(Excerpts from a dataset)

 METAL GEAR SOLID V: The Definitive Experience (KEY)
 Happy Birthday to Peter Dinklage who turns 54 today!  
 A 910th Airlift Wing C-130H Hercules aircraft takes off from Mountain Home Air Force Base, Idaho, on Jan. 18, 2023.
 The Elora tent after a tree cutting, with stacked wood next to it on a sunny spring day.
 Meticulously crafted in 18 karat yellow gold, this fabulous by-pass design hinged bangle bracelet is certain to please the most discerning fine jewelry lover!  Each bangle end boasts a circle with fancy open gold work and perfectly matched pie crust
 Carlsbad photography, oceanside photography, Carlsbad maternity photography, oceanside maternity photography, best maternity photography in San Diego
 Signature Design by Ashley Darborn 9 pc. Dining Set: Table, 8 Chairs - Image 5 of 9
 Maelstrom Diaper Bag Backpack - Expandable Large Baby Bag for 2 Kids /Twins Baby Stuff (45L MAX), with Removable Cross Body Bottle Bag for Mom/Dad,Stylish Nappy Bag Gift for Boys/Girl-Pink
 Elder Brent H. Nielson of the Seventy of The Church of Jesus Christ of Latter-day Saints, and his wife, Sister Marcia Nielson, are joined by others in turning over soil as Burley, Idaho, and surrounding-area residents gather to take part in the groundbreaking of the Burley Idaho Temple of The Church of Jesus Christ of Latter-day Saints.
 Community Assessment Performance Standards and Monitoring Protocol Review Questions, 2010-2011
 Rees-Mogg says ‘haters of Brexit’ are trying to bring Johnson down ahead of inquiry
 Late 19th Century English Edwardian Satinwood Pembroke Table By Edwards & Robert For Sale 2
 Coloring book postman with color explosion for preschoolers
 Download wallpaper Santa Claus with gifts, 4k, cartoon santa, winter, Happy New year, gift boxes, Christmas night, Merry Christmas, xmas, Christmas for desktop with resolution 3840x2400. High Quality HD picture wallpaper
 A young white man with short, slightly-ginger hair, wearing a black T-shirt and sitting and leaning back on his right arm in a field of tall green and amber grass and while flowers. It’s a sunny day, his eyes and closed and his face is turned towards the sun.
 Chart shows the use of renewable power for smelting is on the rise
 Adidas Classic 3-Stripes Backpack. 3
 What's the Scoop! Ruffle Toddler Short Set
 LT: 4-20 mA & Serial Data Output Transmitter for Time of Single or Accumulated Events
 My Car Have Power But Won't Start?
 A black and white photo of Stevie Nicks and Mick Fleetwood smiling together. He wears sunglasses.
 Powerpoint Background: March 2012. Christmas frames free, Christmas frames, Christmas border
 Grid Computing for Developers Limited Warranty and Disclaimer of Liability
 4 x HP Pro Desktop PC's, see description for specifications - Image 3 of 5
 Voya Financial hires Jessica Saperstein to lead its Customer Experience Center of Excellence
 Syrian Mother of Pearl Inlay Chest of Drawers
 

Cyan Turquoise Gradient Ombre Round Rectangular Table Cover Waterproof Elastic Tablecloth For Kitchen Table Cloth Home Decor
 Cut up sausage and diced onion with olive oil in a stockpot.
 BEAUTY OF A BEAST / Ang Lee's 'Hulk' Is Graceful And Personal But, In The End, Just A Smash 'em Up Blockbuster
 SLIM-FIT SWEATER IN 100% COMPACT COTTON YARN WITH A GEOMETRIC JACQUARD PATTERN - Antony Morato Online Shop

» **REQUIRED ACTION**
How many of the lines above hold the word "Image"? State that number and nothing else.

» **ANSWER BOX**
2